What it means to live humanly well is what Isaiah is calling for in a community that seeks justice, rescues the oppressed, defends the orphan and pleads for the widow. Living humanly well is what the writer of Hebrews suggests as what having faith means. Faith is not just a feeling or a mood, but a kind of understanding or knowing that God loves us, and that such love is proper because we are creatures of God’s creating. Likewise, to do the job of being human, and do it well, is what Jesus refers to as the Kingdom that God desires to make real in those whose lives are prepared to receive it. There are some who limit the goal of human living to various subsets of moral activity, concluding that following particular rules and abiding by specific ethical teaching is equivalent to living well. What I am suggesting is that while moral behavior is part of our goal for living as human beings, the deeper reasoning evident in our readings is not reducible to only moral considerations: again, to simply exist as a human is to have a goal, and this goal includes not just our actions, but also the reasons for our actions, the shape of the communities to which we belong, and way we are open or not to showing love to friends, neighbors and even enemies. Such a goal is more than a series of choices; it means that in the midst of our complex lives and world, there are myriad purposes for us to explore, and a single goal towards which we are drawn. The significance being that as we grow deeper into living humanly well, the better we see ourselves as sharing in the mystery of goodness and joy that are gifts of God.

To claim that to be human means to have a goal, and this goal is a life with God shared through a community of goodness and joy, is to claim the same things as Isaiah does with Israel, and Jesus does for his disciples when they reminds us of God’s desire to shape us into God’s people who are invested in the work of salvation, justice and worship. This work – the job of being human – is discoverable at one level as we consider the kind of life that we might consider full and rich. Yet, it is God’s good pleasure to reveal and help us see the broader and deeper implications of our humanity through the gift of faith. And what faith does is show us that is that our journey to God as our goal is not completed under our own power. Through learning to see our way in the world by means of divine goodness and joy, we begin to recognize that as we journey, we are sometimes subtly, sometime surprisingly, being drawn to what we were made for: the eternal love which is the Father. What we discover is that all along, the closer we come to God, the more we learn what our humanity is all about.

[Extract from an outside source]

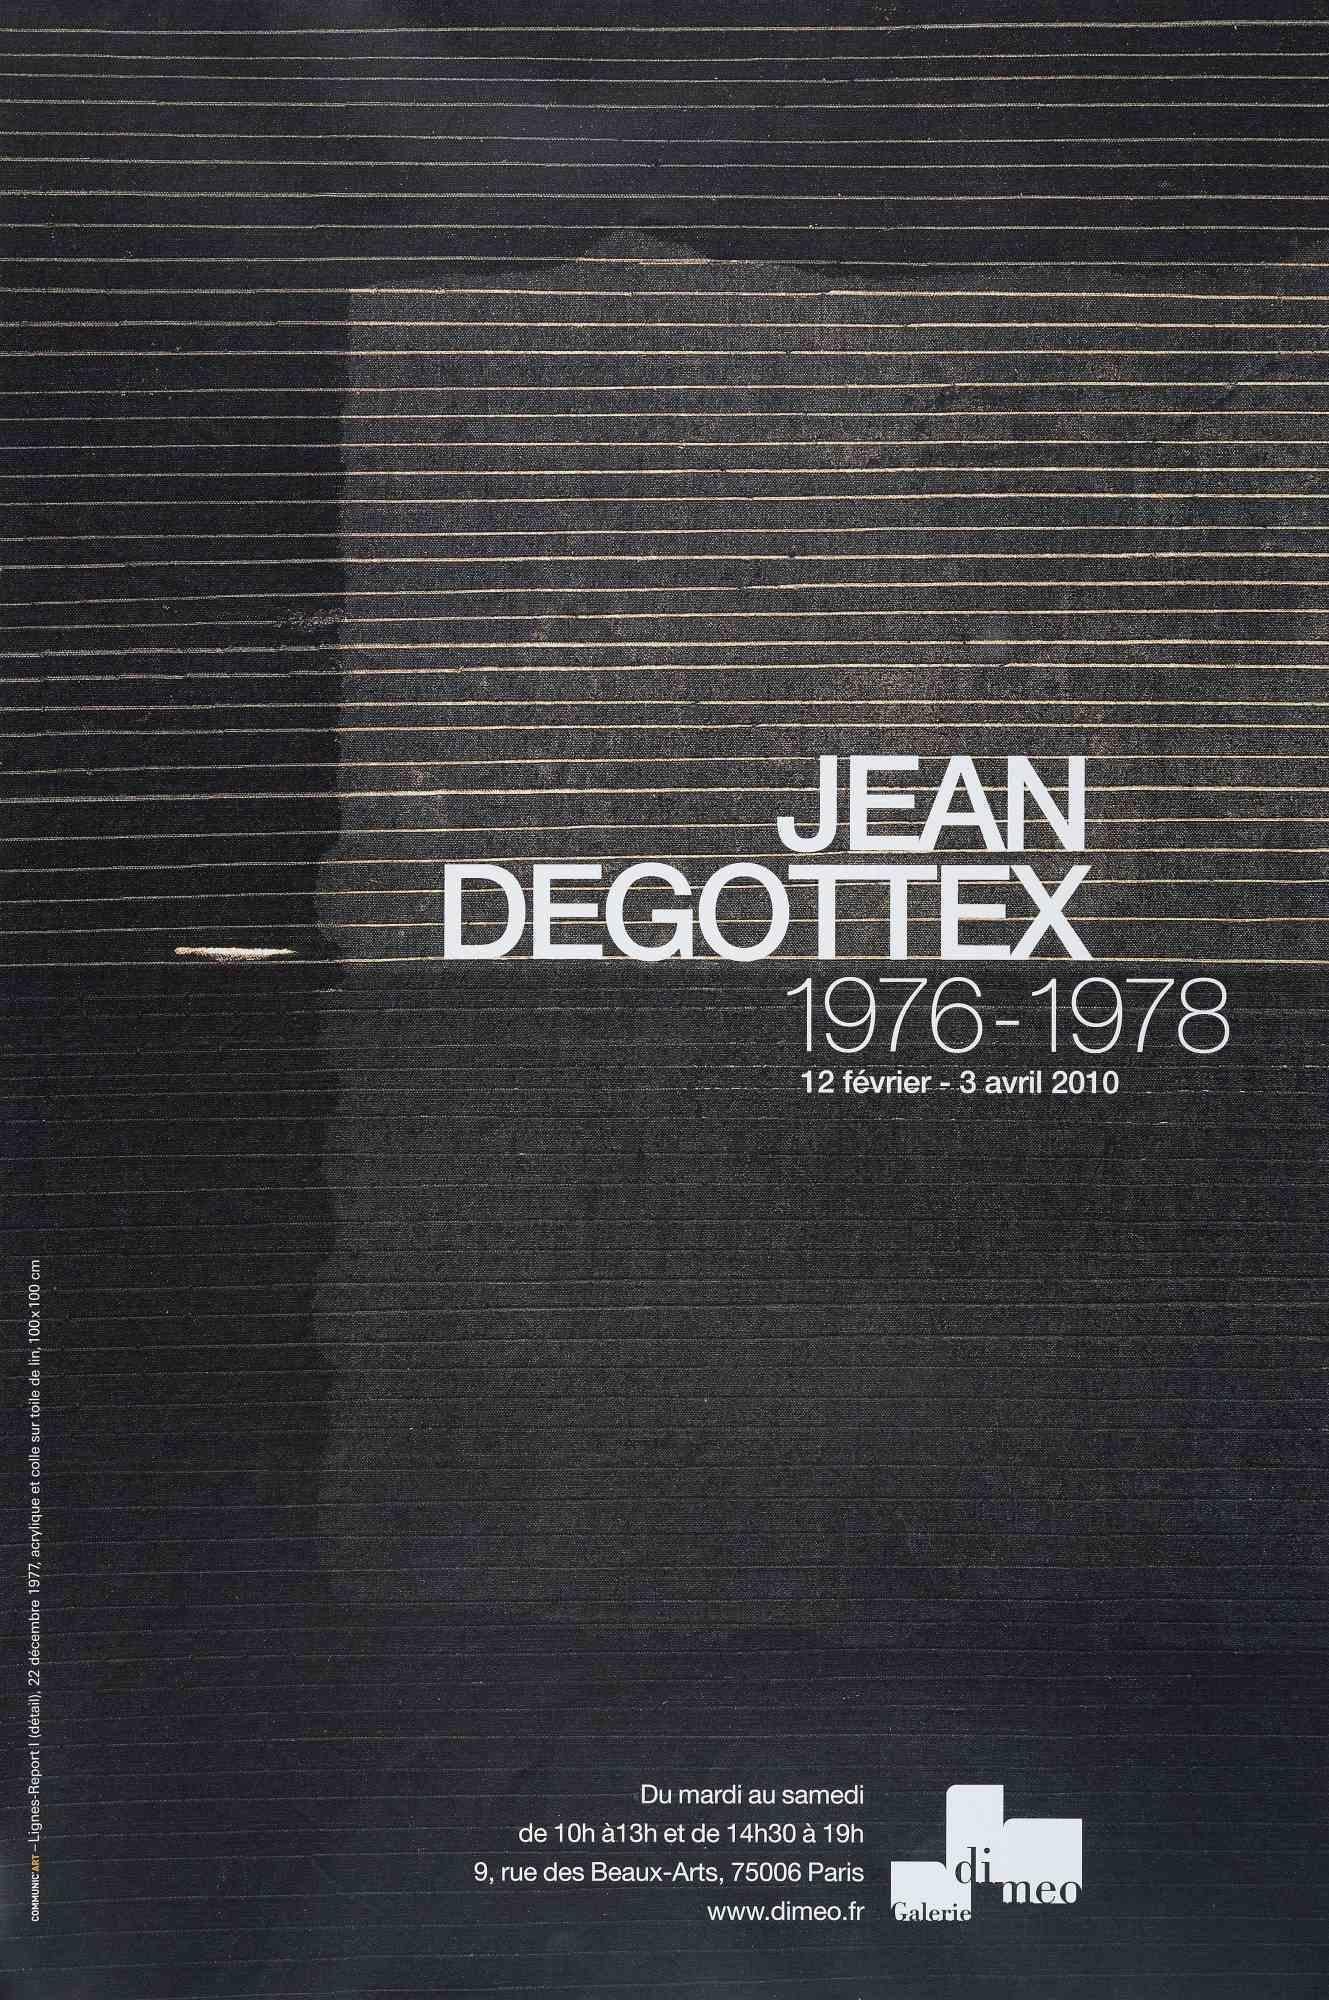 Jean Degottex - Vintage Poster Exhibition - 2010
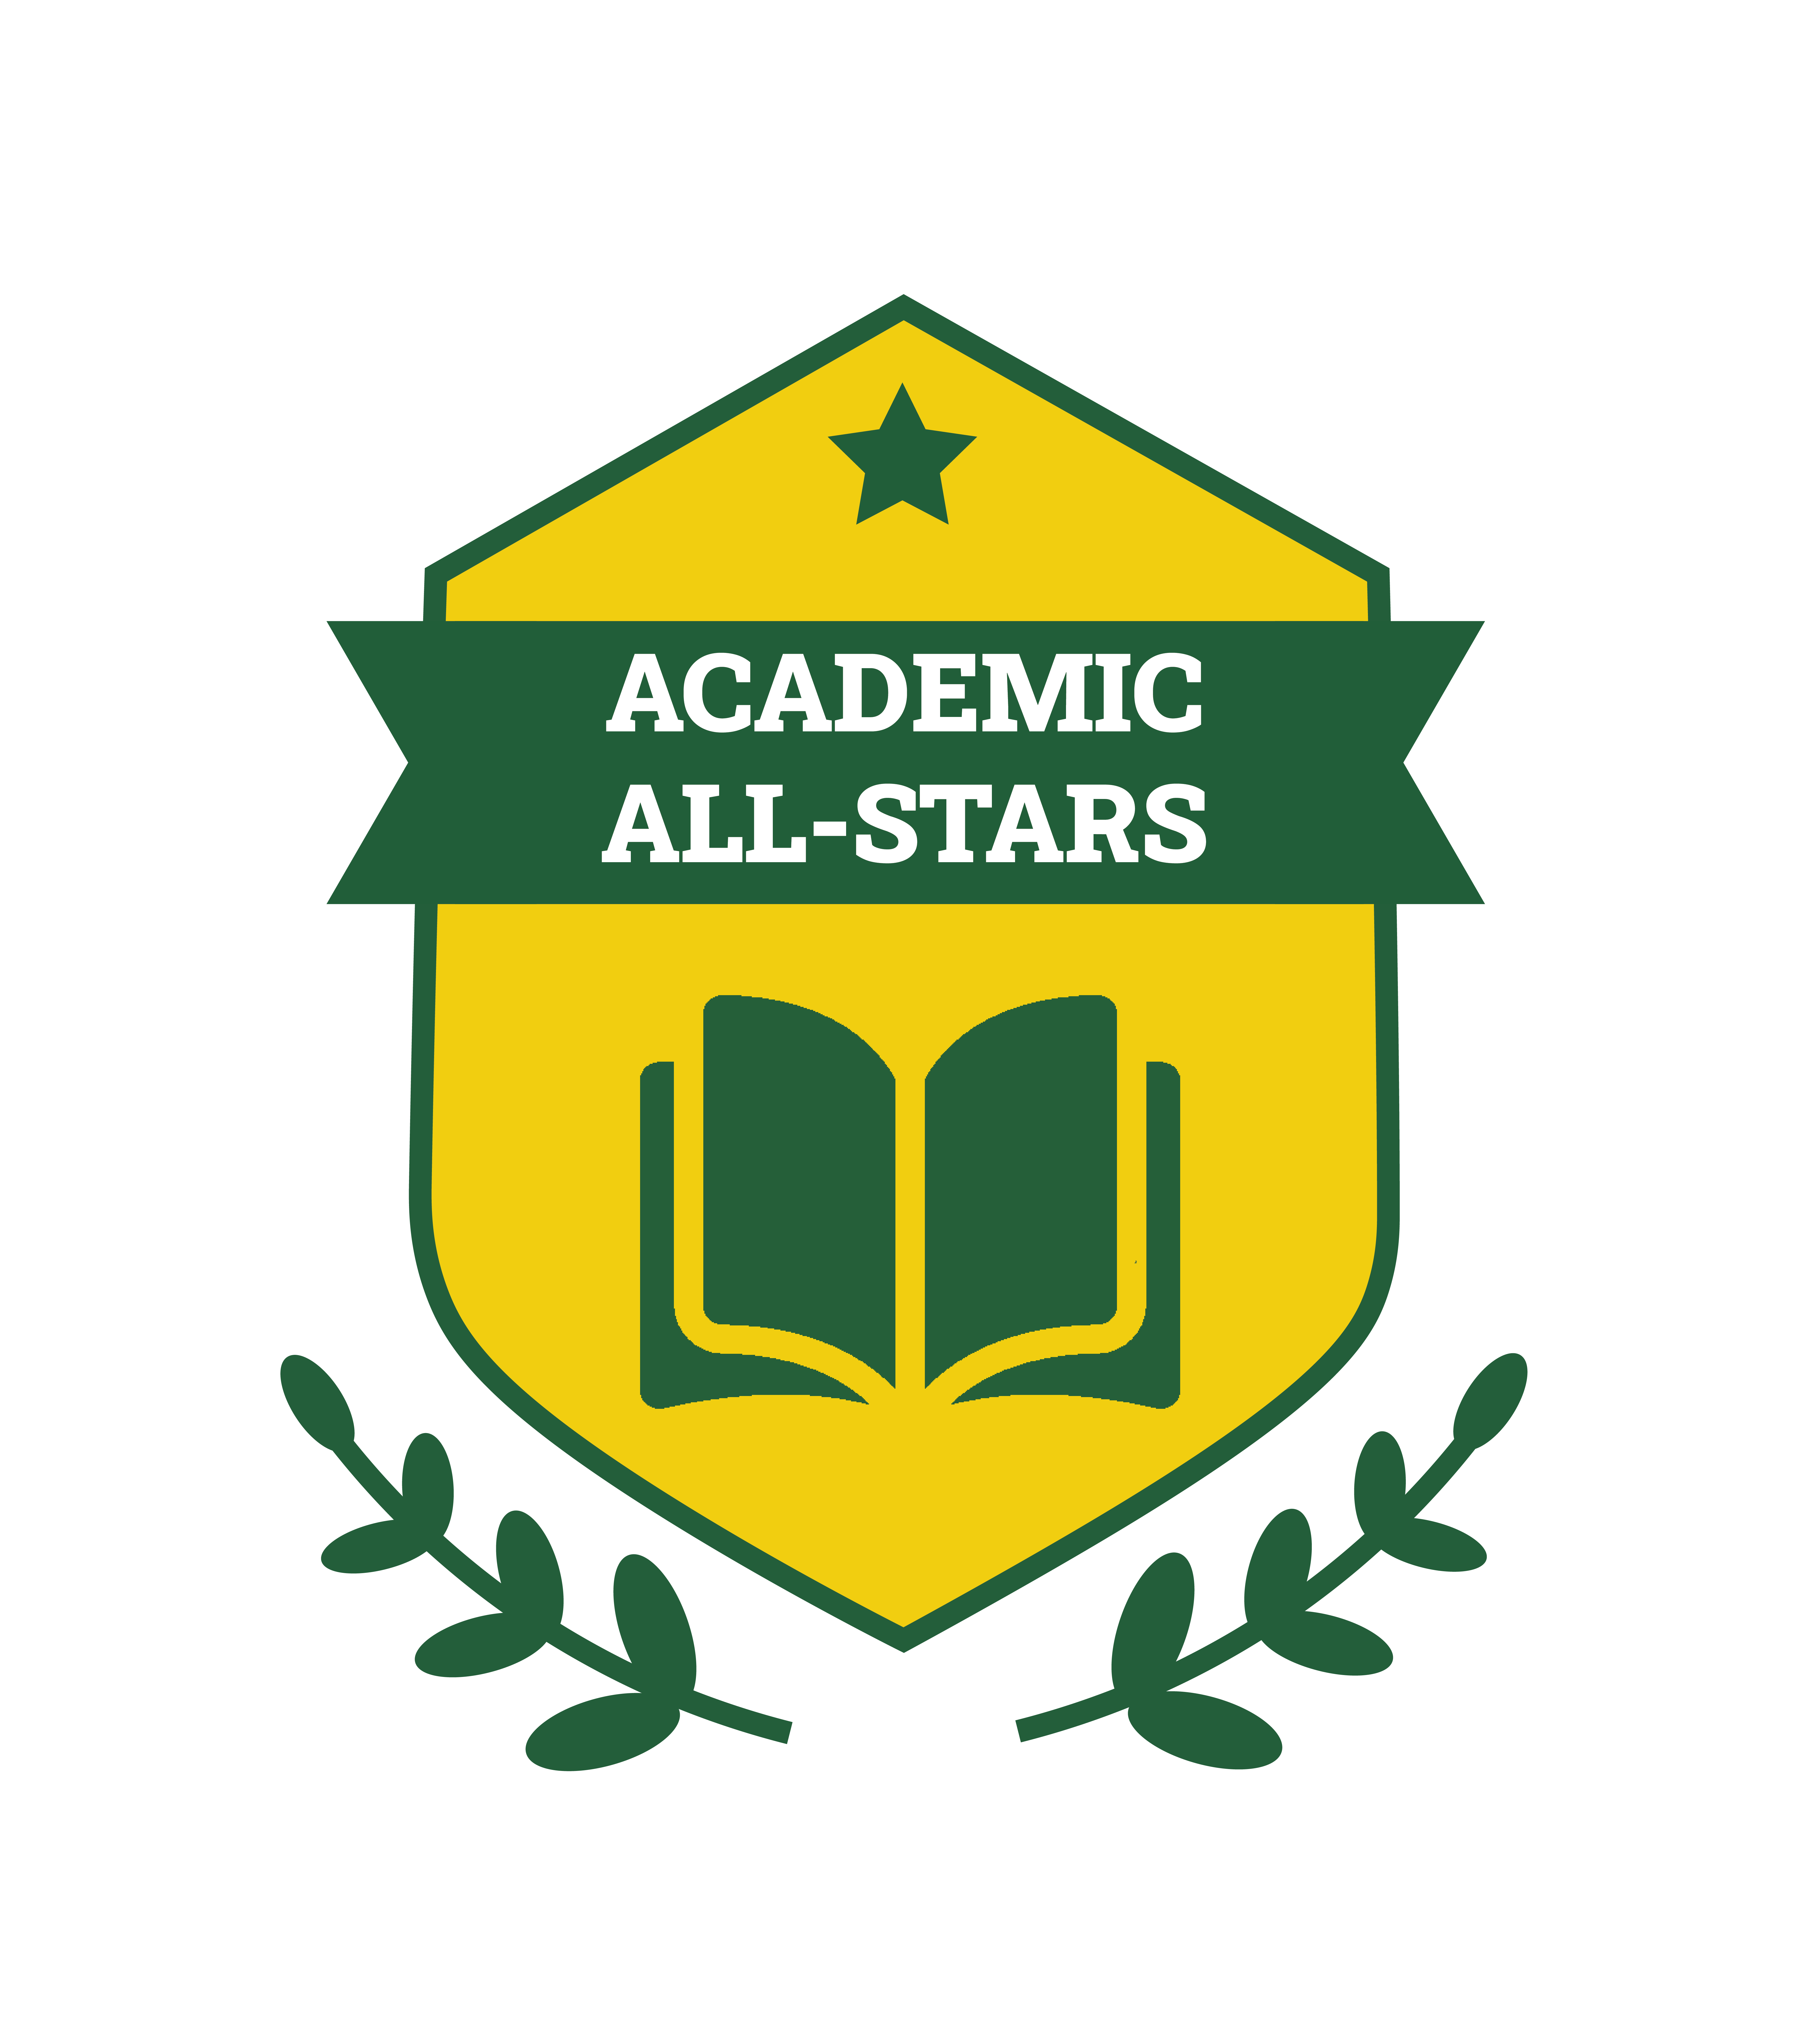 Academic All-Stars logo

As people, we not only have purpose, we have an end to which our life is moving. What we do and say, how we live and who we love is not inconsequential, for all of our decisions shape our lives in one way or another. What doesn’t change is the path on which the fullness of humanity is learned and lived. The good news that is presented in scripture, is that it is God’s desire that we grow into living well, and this is neither a reward for good behavior nor a carrot placed before us as we travail. God in Christ has opened the way for us to reach our proper end. For in Christ, we discover the fullness of human life; a life that is perfected in faith by the delight of God.